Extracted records

= = = = = = =

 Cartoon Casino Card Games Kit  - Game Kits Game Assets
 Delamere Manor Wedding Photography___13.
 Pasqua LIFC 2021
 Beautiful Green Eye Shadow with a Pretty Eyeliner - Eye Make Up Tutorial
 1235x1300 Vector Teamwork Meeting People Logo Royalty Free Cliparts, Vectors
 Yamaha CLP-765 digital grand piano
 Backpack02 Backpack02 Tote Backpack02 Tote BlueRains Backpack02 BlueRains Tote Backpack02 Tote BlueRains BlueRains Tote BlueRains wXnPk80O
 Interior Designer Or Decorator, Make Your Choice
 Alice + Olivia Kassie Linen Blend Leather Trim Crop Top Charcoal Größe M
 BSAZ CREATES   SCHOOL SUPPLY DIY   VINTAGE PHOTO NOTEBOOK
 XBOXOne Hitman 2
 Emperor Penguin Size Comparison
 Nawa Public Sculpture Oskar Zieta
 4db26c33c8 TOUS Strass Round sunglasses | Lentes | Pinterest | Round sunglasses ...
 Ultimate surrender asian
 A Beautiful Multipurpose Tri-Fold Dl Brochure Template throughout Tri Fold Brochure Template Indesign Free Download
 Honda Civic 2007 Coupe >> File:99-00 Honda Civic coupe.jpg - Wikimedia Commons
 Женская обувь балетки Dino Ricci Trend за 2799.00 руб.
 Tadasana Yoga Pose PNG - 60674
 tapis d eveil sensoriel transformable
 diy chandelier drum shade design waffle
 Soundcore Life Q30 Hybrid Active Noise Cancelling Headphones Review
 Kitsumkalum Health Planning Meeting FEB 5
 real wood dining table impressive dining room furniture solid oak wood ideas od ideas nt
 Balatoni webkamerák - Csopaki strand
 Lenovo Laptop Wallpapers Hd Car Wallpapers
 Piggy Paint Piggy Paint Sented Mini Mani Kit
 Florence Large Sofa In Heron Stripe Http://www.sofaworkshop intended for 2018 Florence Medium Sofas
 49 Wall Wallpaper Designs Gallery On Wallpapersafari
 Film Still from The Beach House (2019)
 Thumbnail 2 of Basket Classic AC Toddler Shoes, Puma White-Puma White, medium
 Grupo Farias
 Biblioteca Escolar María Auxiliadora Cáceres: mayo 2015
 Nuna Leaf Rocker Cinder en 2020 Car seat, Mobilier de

= = = = = = =

## YOUR ASSIGNMENT
What's needed is an exact copy of every entry.

## YOUR RESPONSE
 Cartoon Casino Card Games Kit  - Game Kits Game Assets
 Delamere Manor Wedding Photography___13.
 Pasqua LIFC 2021
 Beautiful Green Eye Shadow with a Pretty Eyeliner - Eye Make Up Tutorial
 1235x1300 Vector Teamwork Meeting People Logo Royalty Free Cliparts, Vectors
 Yamaha CLP-765 digital grand piano
 Backpack02 Backpack02 Tote Backpack02 Tote BlueRains Backpack02 BlueRains Tote Backpack02 Tote BlueRains BlueRains Tote BlueRains wXnPk80O
 Interior Designer Or Decorator, Make Your Choice
 Alice + Olivia Kassie Linen Blend Leather Trim Crop Top Charcoal Größe M
 BSAZ CREATES   SCHOOL SUPPLY DIY   VINTAGE PHOTO NOTEBOOK
 XBOXOne Hitman 2
 Emperor Penguin Size Comparison
 Nawa Public Sculpture Oskar Zieta
 4db26c33c8 TOUS Strass Round sunglasses | Lentes | Pinterest | Round sunglasses ...
 Ultimate surrender asian
 A Beautiful Multipurpose Tri-Fold Dl Brochure Template throughout Tri Fold Brochure Template Indesign Free Download
 Honda Civic 2007 Coupe >> File:99-00 Honda Civic coupe.jpg - Wikimedia Commons
 Женская обувь балетки Dino Ricci Trend за 2799.00 руб.
 Tadasana Yoga Pose PNG - 60674
 tapis d eveil sensoriel transformable
 diy chandelier drum shade design waffle
 Soundcore Life Q30 Hybrid Active Noise Cancelling Headphones Review
 Kitsumkalum Health Planning Meeting FEB 5
 real wood dining table impressive dining room furniture solid oak wood ideas od ideas nt
 Balatoni webkamerák - Csopaki strand
 Lenovo Laptop Wallpapers Hd Car Wallpapers
 Piggy Paint Piggy Paint Sented Mini Mani Kit
 Florence Large Sofa In Heron Stripe Http://www.sofaworkshop intended for 2018 Florence Medium Sofas
 49 Wall Wallpaper Designs Gallery On Wallpapersafari
 Film Still from The Beach House (2019)
 Thumbnail 2 of Basket Classic AC Toddler Shoes, Puma White-Puma White, medium
 Grupo Farias
 Biblioteca Escolar María Auxiliadora Cáceres: mayo 2015
 Nuna Leaf Rocker Cinder en 2020 Car seat, Mobilier de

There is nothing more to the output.